Fig. 3. EPR spectra of the paramagnetic species formed during Fe²⁺ oxidation by FtMt.

a Spectra recorded at microwave power of 3.19 mW over the field range 600–4200 Gauss for 4.2 μm wild-type (black trace) and variant Y34F (red trace) FtMt frozen approximately 10 s following aerobic mixing with 72 equivalents of Fe²⁺. b as in (a) but spectra recorded over the field range 3300–3500 Gauss at microwave power 0.05 mW. c as (a) but spectra recorded over the field range 3200–4150 Gauss. d as (c) but with freezing times for the wild-type protein of 45 ms (blue), 125 ms (yellow), 245 ms (brown), 445 ms (heavy black trace with maximum radical intensity), or 10 s (gray) and freezing times for variant Y34F of 45 ms (blue), 245 ms (yellow), 445 ms (brown), 3 s (heavy red trace with maximum mixed-valent ferroxidase center intensity) or 10 s (gray). Source data are provided as a Source Data file.

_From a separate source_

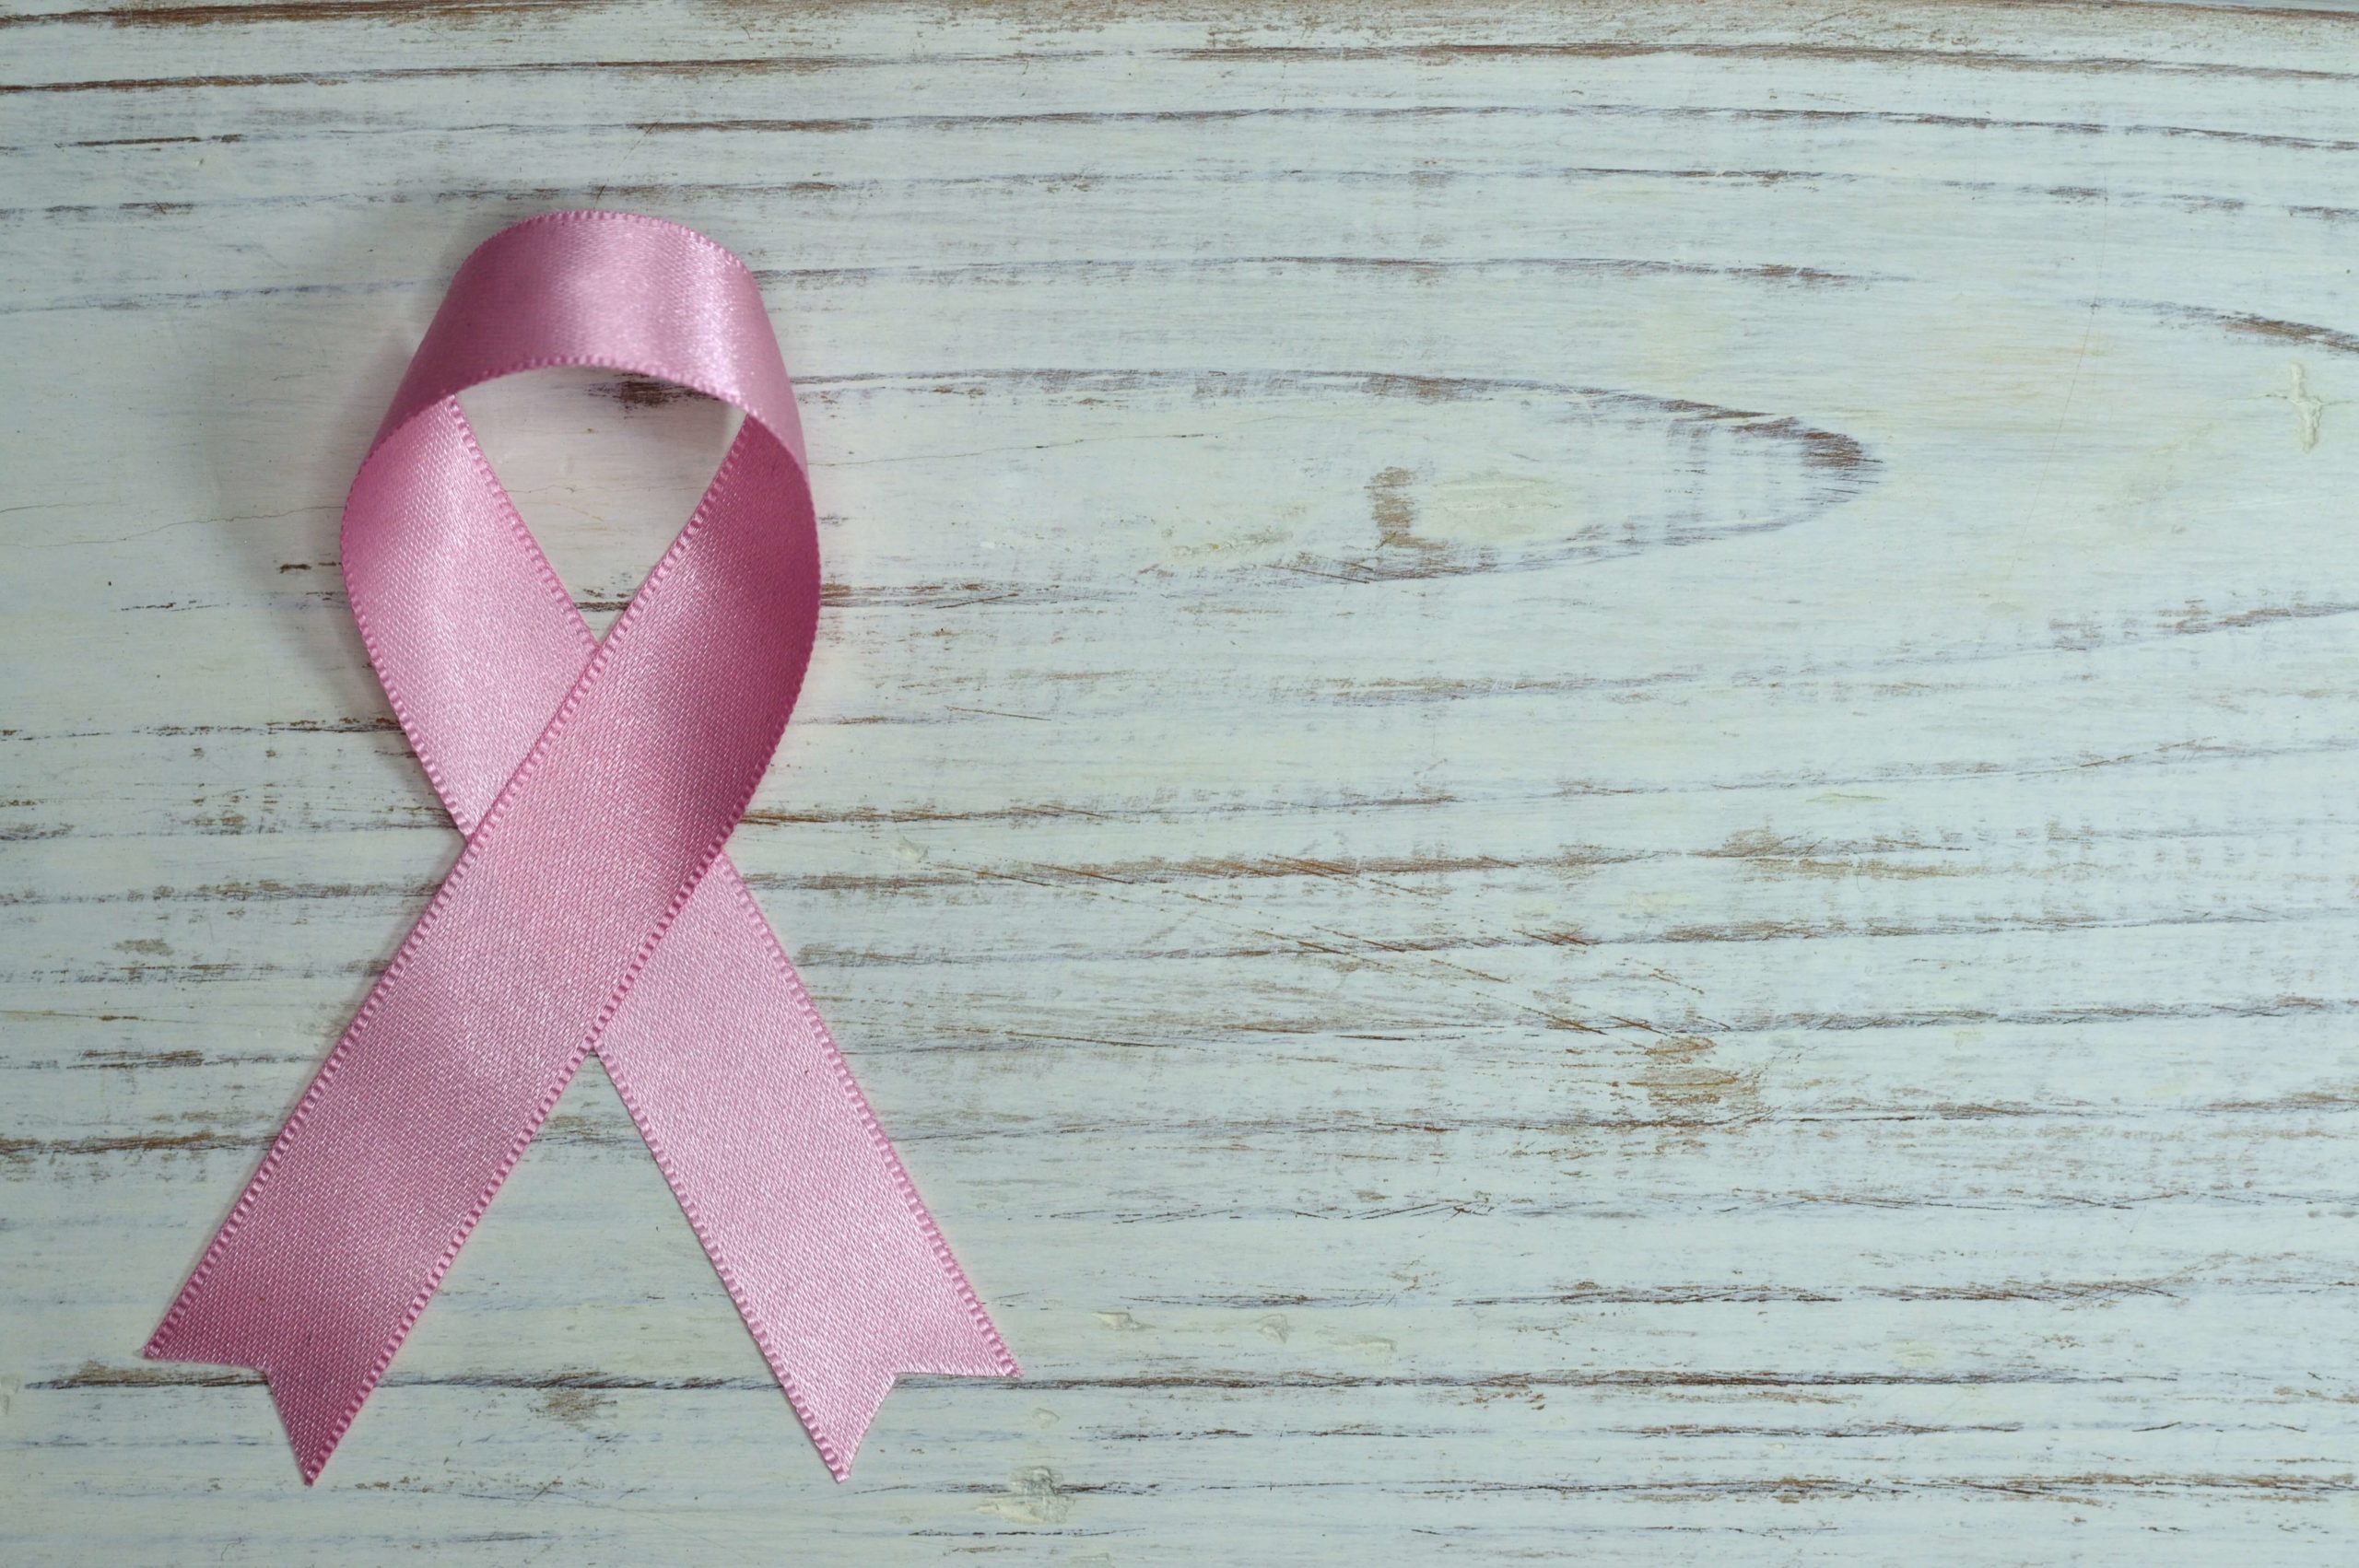 Call For An Early Detection: Breast Cancer

Fig. 4. O₂-limited reaction of FtMt.

a The EPR spectrum of 4.17 μm wild-type FtMt anaerobically incubated with 200 μm Fe²⁺ then frozen 10 s after mixing with aerobic buffer, resulting in an O₂ concentration of 50 μm post-mixing (black trace). The red trace shows the MVFC formed by variant Y34F when O₂ is present in excess, and the gray trace shows the spectrum of wild-type protein when O₂ is present in excess for comparison. b Accumulation of the MVFC intermediate with increasing freezing time following the mixing of 20.8 μm wild-type FtMt with 1 mm Fe²⁺ under aerobic conditions. Samples frozen 0.125 (black), 0.250 (red), 1 (blue), 3 (dark green), 6 (magenta) and 10 (dark yellow) s after mixing. c Comparison of the relative intensity of the MVFC of the samples from (b) (black circles, left axis) with the change in 650 nm absorbance as a function of time after mixing of an equivalent sample (blue trace, right axis). Source data are provided as a Source Data file.

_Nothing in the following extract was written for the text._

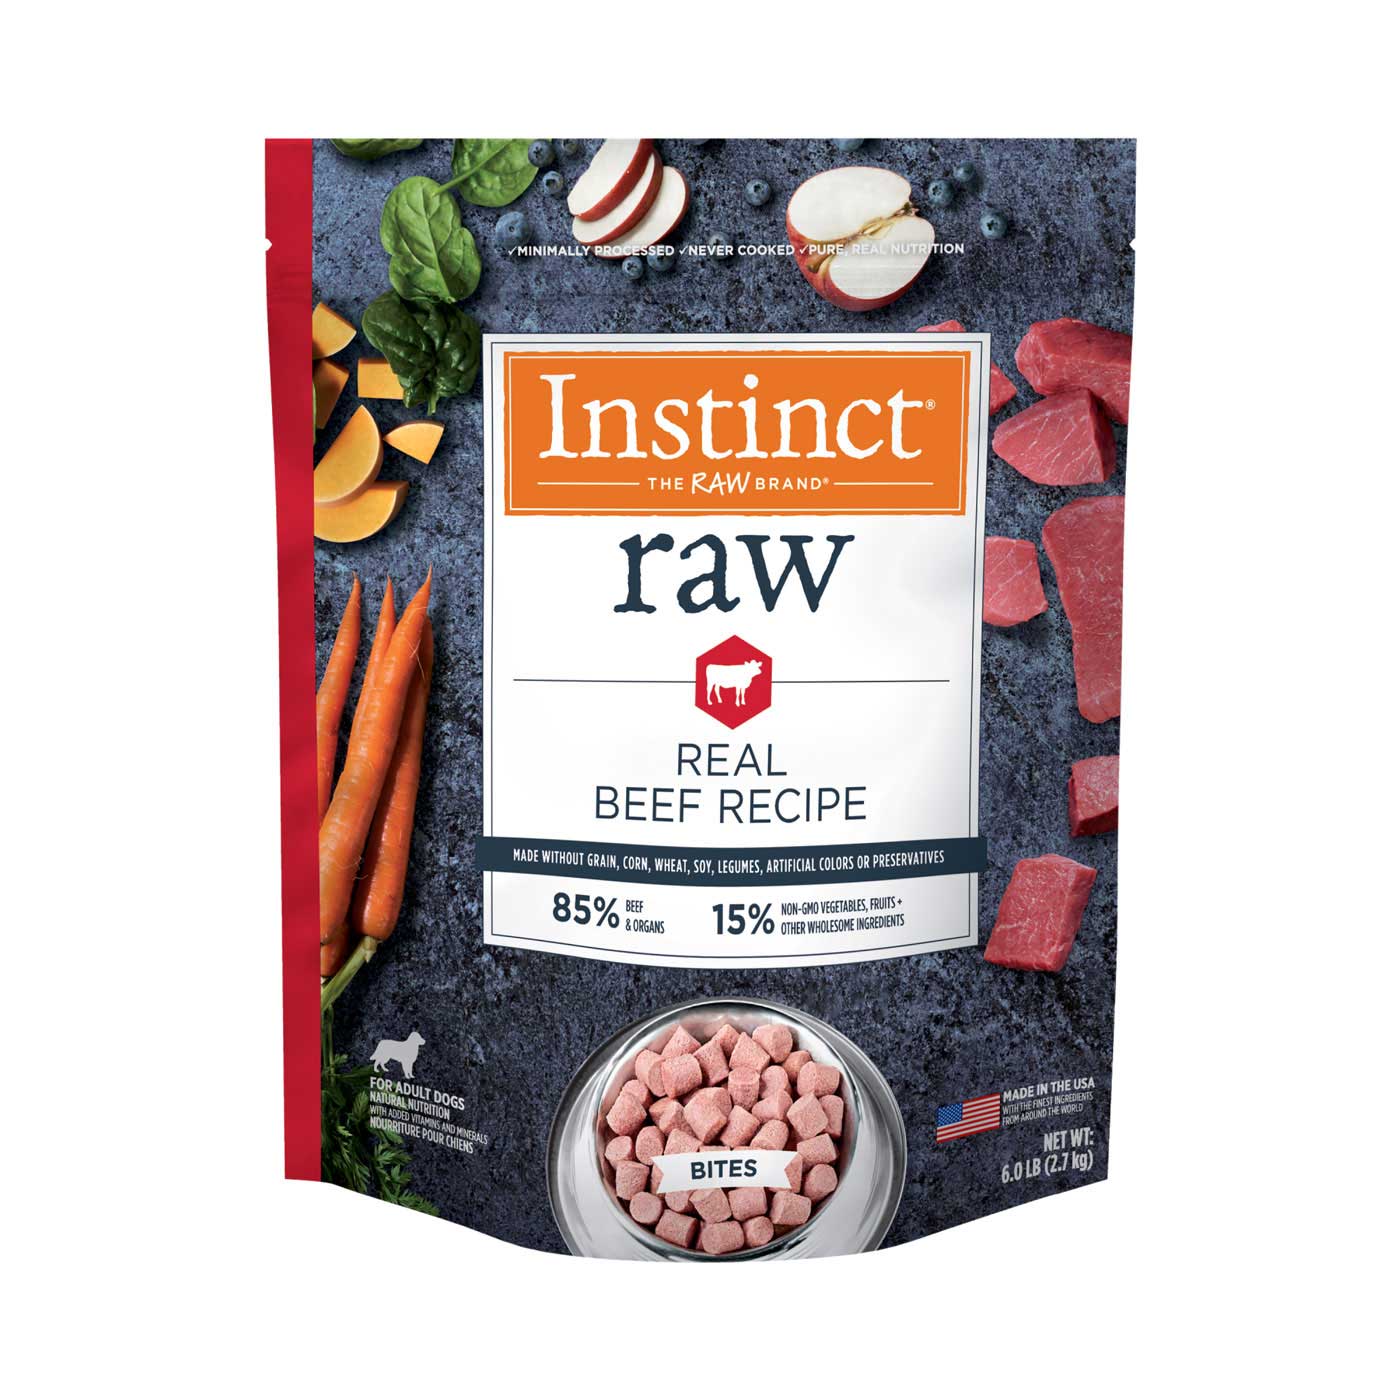 Instinct Frozen Raw Bites Grain-Free Real Beef Recipe Dog Food, 6 Pound Bag - Not Available for Delivery

Fig. 5. Proposed mechanistic cycle of Fe²⁺ oxidation by FtMt.

Following binding of two Fe²⁺ ions to the apo FC (top of the main cycle), O₂ binds and is activated by transfer of a single electron from Tyr34 to yield a tyrosyl radical and a superoxo adduct of the di-Fe²⁺ FC. The radical is quenched by electron transfer from a remote FC, and electron transfer from Fe²⁺ at the site with superoxide bound yields the peroxide product of O₂ reduction and the MVFC intermediate. Binding of O₂ and its activation by the MVFC is rapid in comparison to that occurring at the di-Fe²⁺ FC form, and hence, the MVFC intermediate does not accumulate under continuous turnover. This reaction results in the DFP intermediate, which is hydrolyzed to the metastable di-Fe³⁺ form. In the presence of excess O₂, the metastable di-Fe³⁺ FC breaks down to release Fe³⁺ ions to the FtMt cavity, and the reaction cycle begins again (marked as (i)). Under limiting O₂, where both di-Fe²⁺ and di-Fe³⁺ FCs are present, a disproportionation reaction occurs via long-range electron transfer, resulting in two MVFCs (marked as (ii) on the smaller left-hand cycle). When O₂ is available again, these are oxidized to the di-Fe³⁺ form (marked as (iii)). The overall stoichiometry of the reaction is identical to that catalyzed by cytosolic ferritins, with each center coupling the oxidation of two equivalents of Fe²⁺ to Fe³⁺ with the reduction of O₂ to peroxide. Fe²⁺ ions are indicated in cyan, Fe³⁺ are in brown, and the DFP is in royal blue.